Rational choices?

Rational actors and theory

  • Micro vs macro
  • Structure and agency–does one precede the other?

Robert Heilbroner was an economist who took an expanded approach to understanding rational choice theory. Some of his ideas:

  • Market system is a mechanism for sustaining and maintaining an entire society.
  • People make their own choices, and based on their own selfish interests.
  • Why did you go to college?
  • Why did you choose this major?
  • What kind of toothpaste do you use? Why? Why bother to brush your teeth at all?
  • Why do you choose to participate/not participate in classroom discussion?
  • How did you decide which party to attend last weekend?

Risk and change vs safety first—So there is a principle in subsistence societies that self-interest should be subordinate to the survival of the collective unit (the village, for instance). To do otherwise may be good for a household, but what happens when that household needs the assistance of its neighbors?

‘Free’ markets work in a much different way–as economist Adam Smith said, buyer and seller each pursue his/her self-interest, and the market determines the price where those interests meet and are maximized (that is, the buyer is willing to pay a certain price, which the seller is willing to accept, and both benefit). Smith said that pursuit of rational self-interest acts like an ‘invisible hand’ that regulates markets and transactions.
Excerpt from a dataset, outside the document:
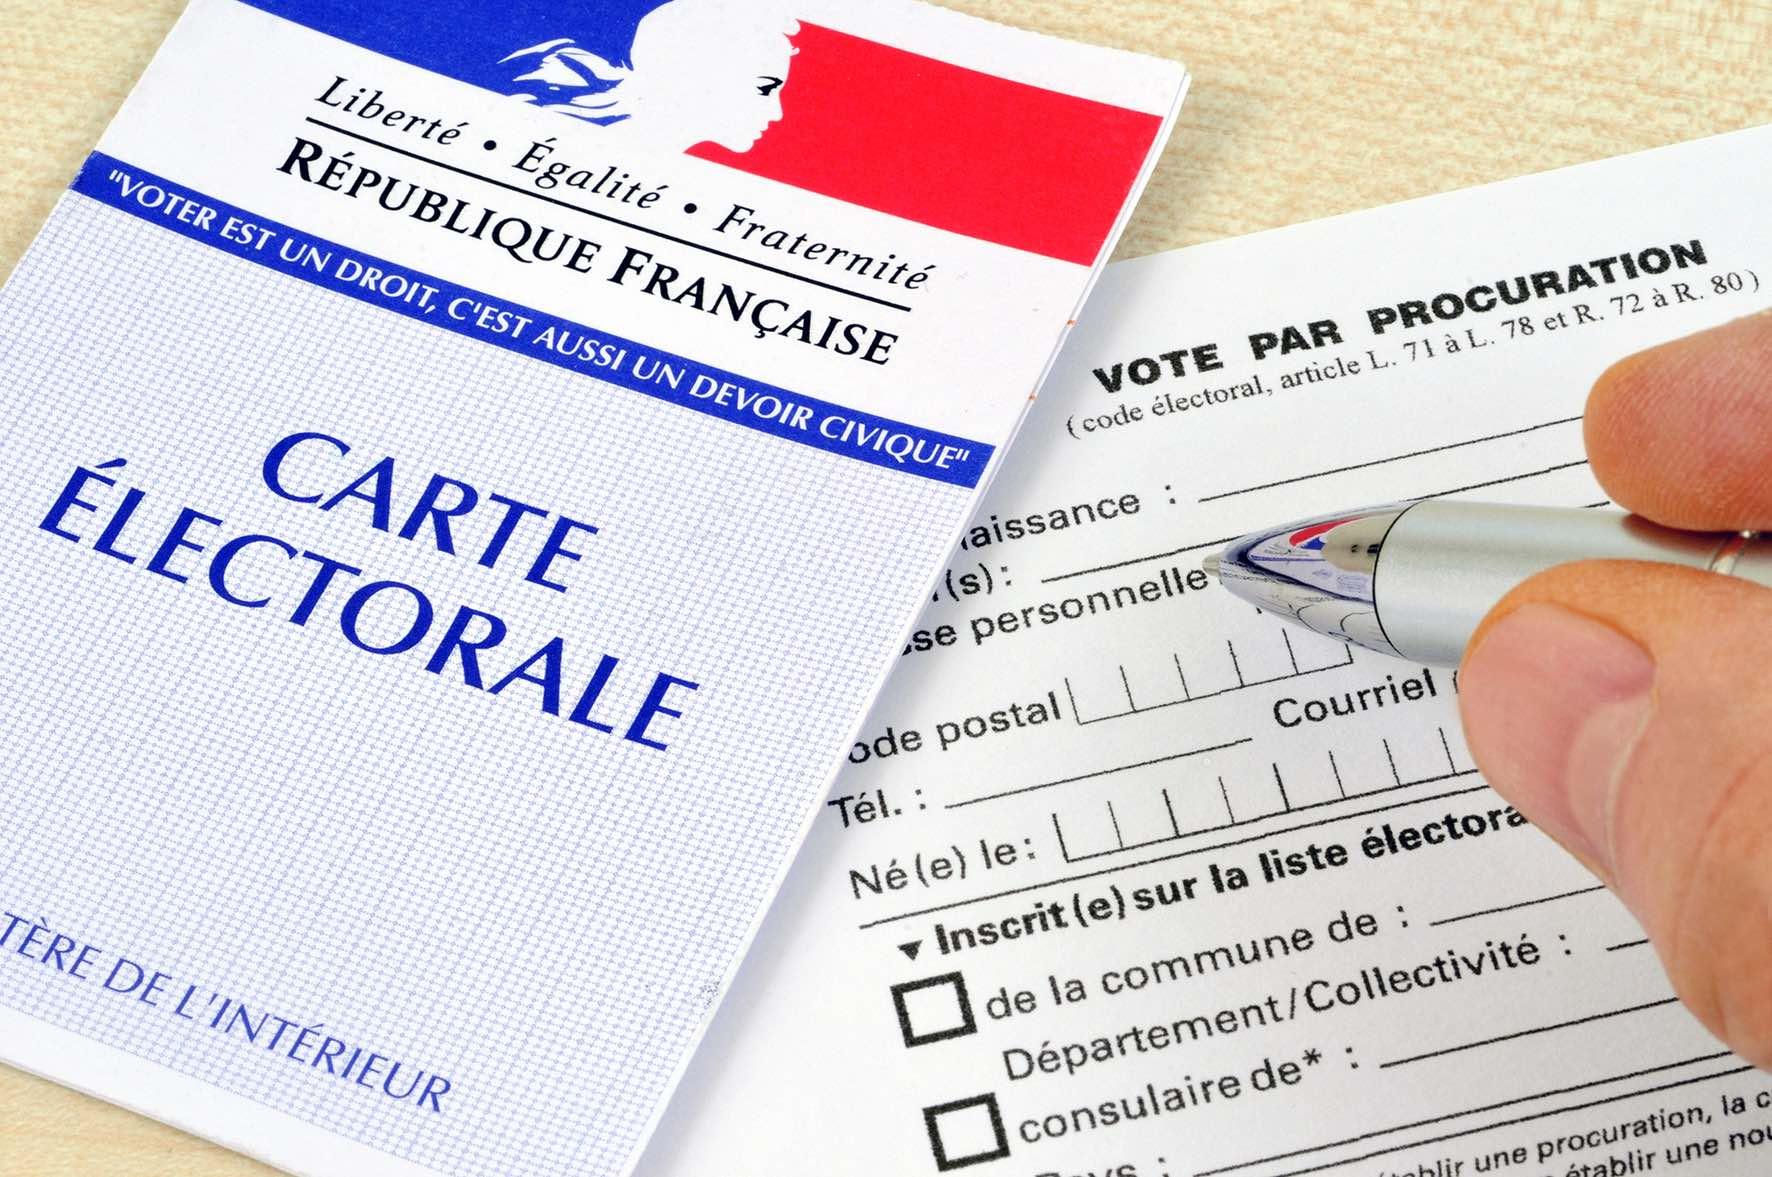 Vote-procuration.jpg

Is the market principle a risky way to organize a society? What happens when buyers or sellers have imperfect information or knowledge? For instance what if Social Security were privatized, and people made their own investments, and some invested poorly and lost their retirement? Would the overall larger ‘pie’ of self-interest be an improvement over a smaller, but less risky pie where the size of your slice was more predictable and less vulnerable to the fluctuation of market forces?

What is the value of rational choice theory?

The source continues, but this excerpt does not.